EXERCISE PROMPT:
Copy the listing exactly, images excluded.

DATA BLOCK:
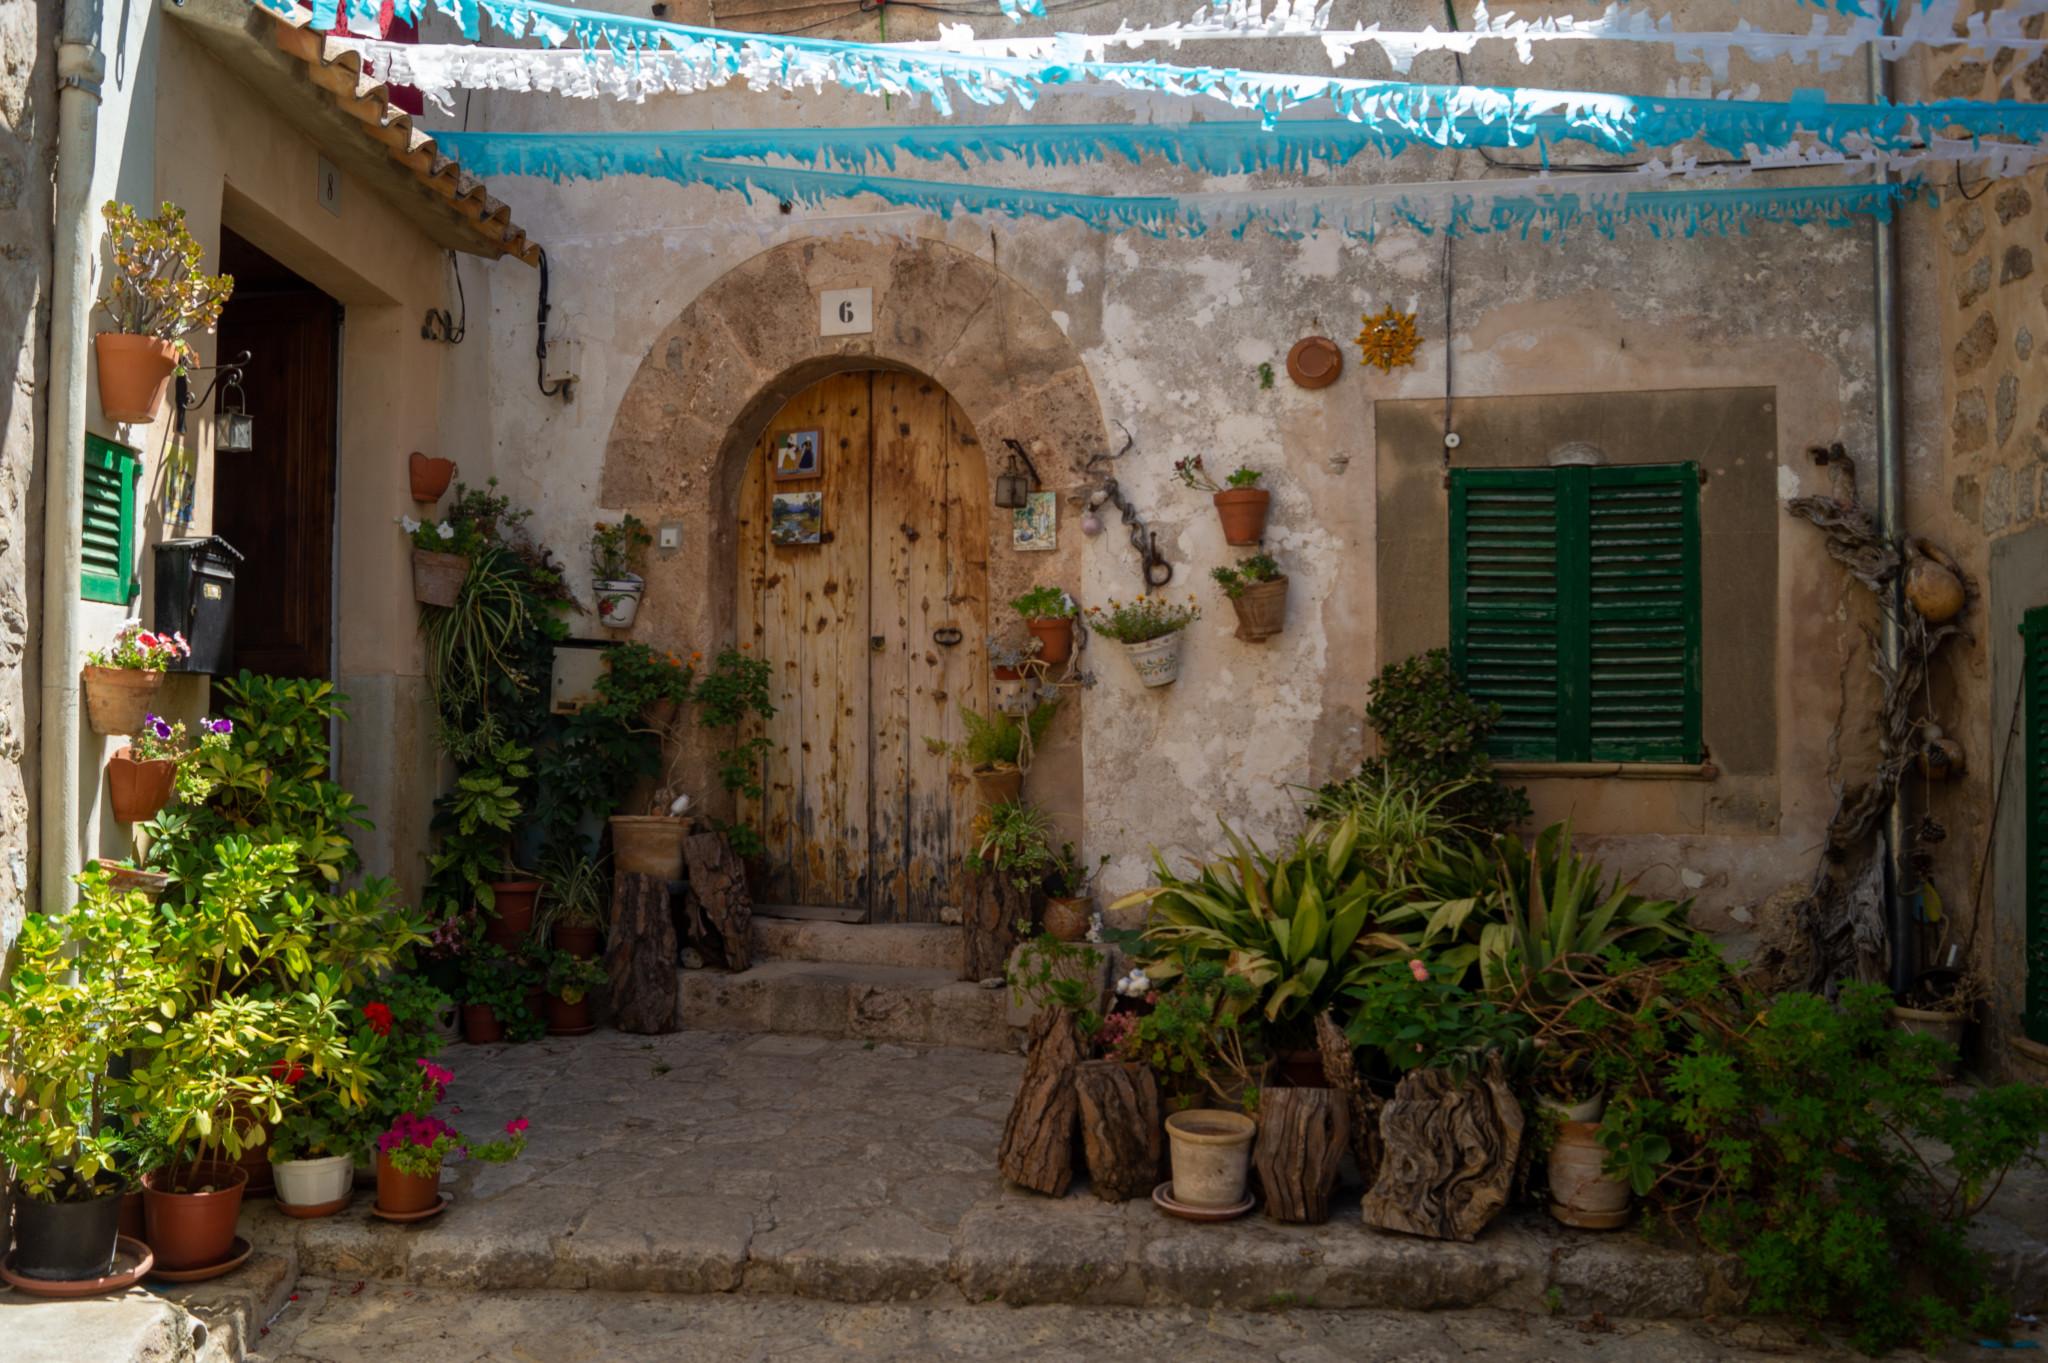 Typische Fassade in Valldemossa auf Mallorca
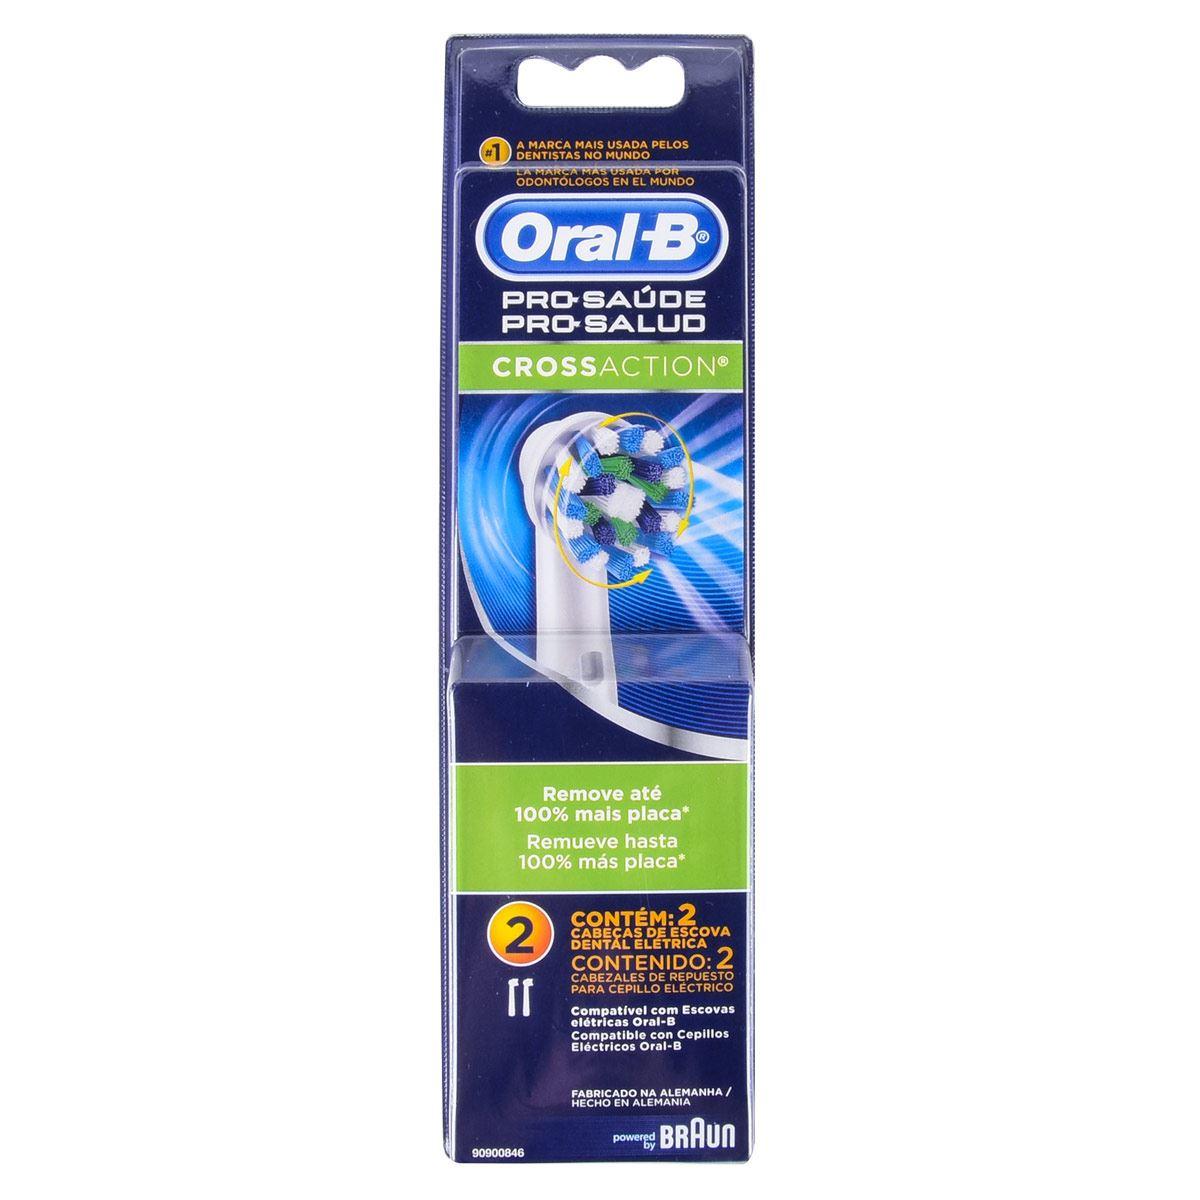 Repuestos de Cepillo Dental Eléctrico Oral-B Cross Action con 2 Pzs.
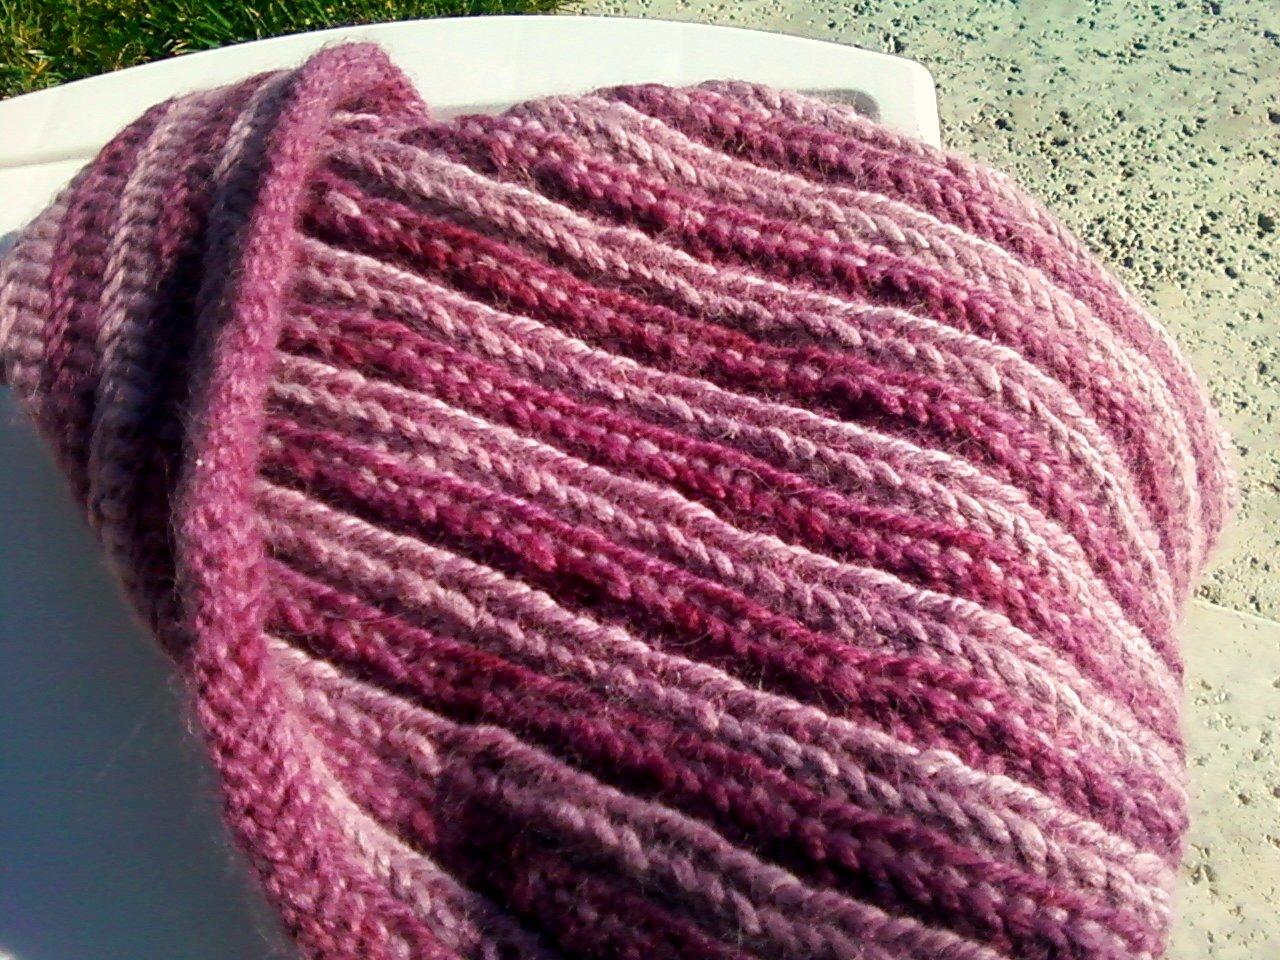 Braided Cowl Knitting Pattern : Anacapa Knits: Free Pattern: Fishtail Braid Cowl!

RESULT FOR THIS TASK:
 Typische Fassade in Valldemossa auf Mallorca
 Repuestos de Cepillo Dental Eléctrico Oral-B Cross Action con 2 Pzs.
 Braided Cowl Knitting Pattern : Anacapa Knits: Free Pattern: Fishtail Braid Cowl!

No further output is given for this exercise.